On 21 May 2019, from a distance of 7 billion light-years away, our gravitational wave detectors were rocked by the most massive collision yet. From analysis of the signal, astronomers concluded that the detection was the result of two black holes smashing together, weighing in at 66 and 85 times the mass of the Sun respectively.
But what if it was something else? A new study offers a different interpretation of the event. It's possible, according to an international team of astrophysicists, that the two objects were not black holes at all, but mysterious, theoretical objects called boson stars - potentially made up of elusive candidates for dark matter.
The gravitational wave event, called GW 190521, was a spectacular discovery. The object that resulted from the merger of the two objects would have been a black hole at around 142 times the mass of the Sun - within the intermediate mass range that no black hole had ever been detected before, called the black hole upper mass gap.
That was extremely neat, but there was a huge puzzle - the 85 solar-mass black hole allegedly involved in the collision. According to our models, black holes over about 65 solar masses can't form from a single star, like stellar mass black holes.
That's because the precursor stars that would produce a black hole in this mass range are so massive that their supernovae - known as pair-instability supernovae - ought to completely obliterate the stellar core, leaving nothing behind that could gravitationally collapse into a black hole.
While our understanding of the formation of stars as 'twins' doesn't neatly allow for pairs of stellar black holes to be born close enough to combine, it's likely that the explanation is two smaller black holes merging. But if we go by the data alone, another model fits even better.
It's possible that the black hole was the product of an earlier merger between two smaller black holes. Led by Juan Calderón Bustillo of the Galician Institute of High Energy Physics in Spain, the research team has determined boson stars would be a perfect match for the numbers.
"Our results show that the two scenarios are almost indistinguishable given the data, although the exotic boson star hypothesis is slightly preferred," said astrophysicist José Font of the University of Valencia in Spain.
"This is very exciting, since our boson-star model is, as of now, very limited, and subject to major improvements. A more evolved model may lead to even larger evidence for this scenario and would also allow us to study previous gravitational-wave observations under the boson-star merger assumption."
Boson stars are, at the moment, purely theoretical, and have never been detected before, but they are of increasing interest to astronomers, particularly in the search for dark matter.

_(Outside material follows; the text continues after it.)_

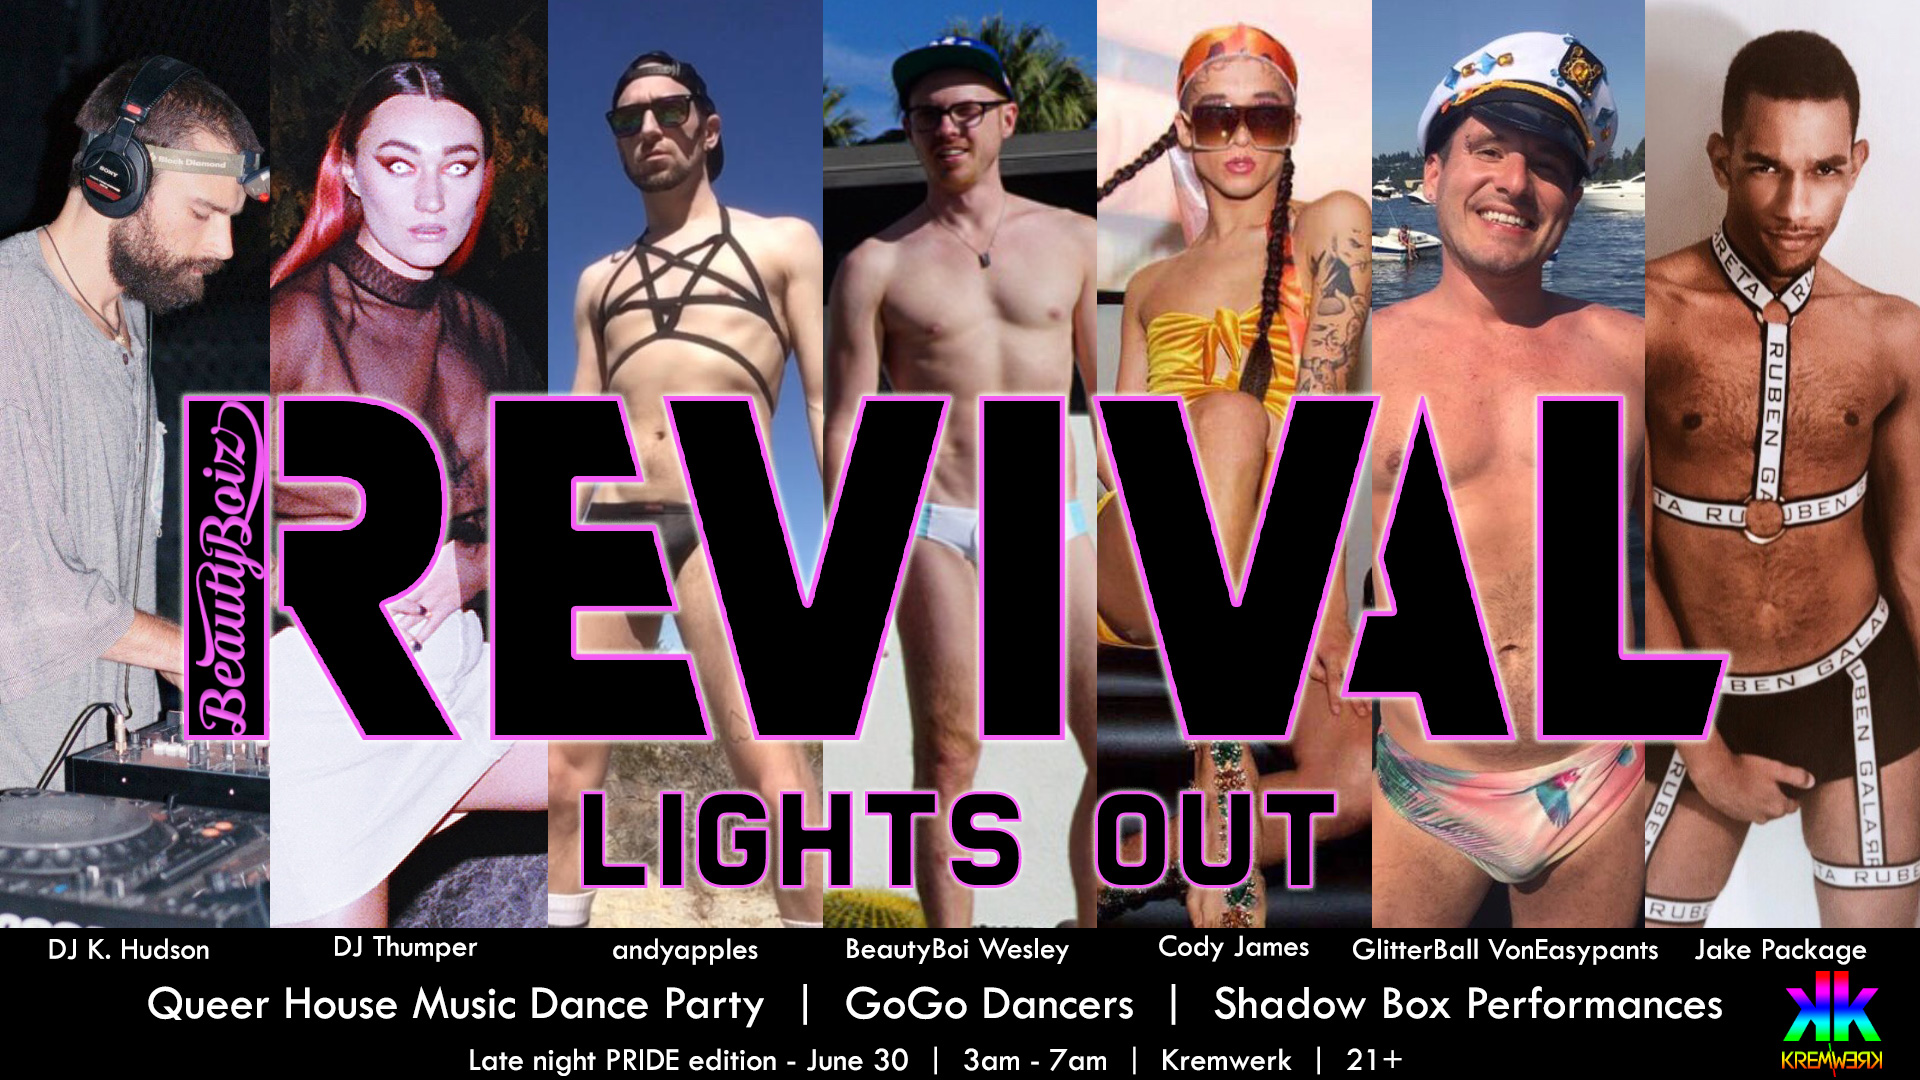 FB-Revival-lightsout_cast.jpg

They are, like black holes, predicted by general relativity, and are able to grow to millions of solar masses at a very compact size.
As we have previously reported, where stars are primarily made up of particles called fermions - protons, neutrons, electrons, the stuff that forms more substantial parts of our Universe - boson stars would be made up entirely of bosons. These particles - including photons, gluons and the famous Higgs boson - don't follow the same physical rules as fermions.
Fermions are subject to the Pauli exclusion principle, which means you can't have two or more particles with the exact same quantum states, which includes the space they sit in. Bosons, however, can be superimposed; when they come together, they act like one big particle or matter wave. We know this, because it's been done in a lab, producing what we call a Bose-Einstein condensate.
In the case of boson stars, the particles can be squeezed into a space which can be described with distinct values, or points on a scale. Given the right kind of bosons in the right arrangements, this 'scalar field' could fall into a relatively stable arrangement.
Boson stars might actually look a lot like black holes, except for one characteristic: they don't have an absorbing surface that would stop photons, or an event horizon, so they would appear totally transparent. They're basically compact blobs of Bose-Einstein condensate in space.
The countless particles making up such massive stars would ironically need to be incredibly light, with millions of times less mass than an electrons.
Interestingly, this kind of ultralight boson would also be a candidate for dark matter - the unknown, unseen mass responsible for all the extra gravity floating around the Universe that we can't account for. So finding boson stars would go at least some way towards solving one of the biggest mysteries of the cosmos.
According to the team's calculations, if GW 190521 was a merger between two boson stars, the masses and distances involved would be different, but it would solve the problem of that 85-solar-mass black hole.
"First, we would not be talking about colliding black holes anymore, which eliminates the issue of dealing with a 'forbidden' black hole," Calderón Bustillo said.
"Second, because boson star mergers are much weaker, we infer a much closer distance than the one estimated by LIGO and Virgo. This leads to a much larger mass for the final black hole, of about 250 solar masses, so the fact that we have witnessed the formation of an intermediate-mass black hole remains true."
In the team's scenario, when the two boson stars collided, they formed a larger boson star that could have become unstable and collapses down into a black hole, so it's actually impossible to tell whether the boson star interpretation is correct, even if we could see it clearly across the revised 1.9 billion-light-year distance.
Instead, the analysis gives us the tools for studying intermediate-mass gravitational wave events going forward in the context of boson stars as well as black holes, with the hope of finding answers in the future.
"If confirmed by subsequent analysis of this and other gravitational-wave observations," said astrophysicist Carlos Herdeiro of the University of Aveiro in Portugal, "our result would provide the first observational evidence for a long-sought dark matter candidate."
The research has been published in Physical Review Letters.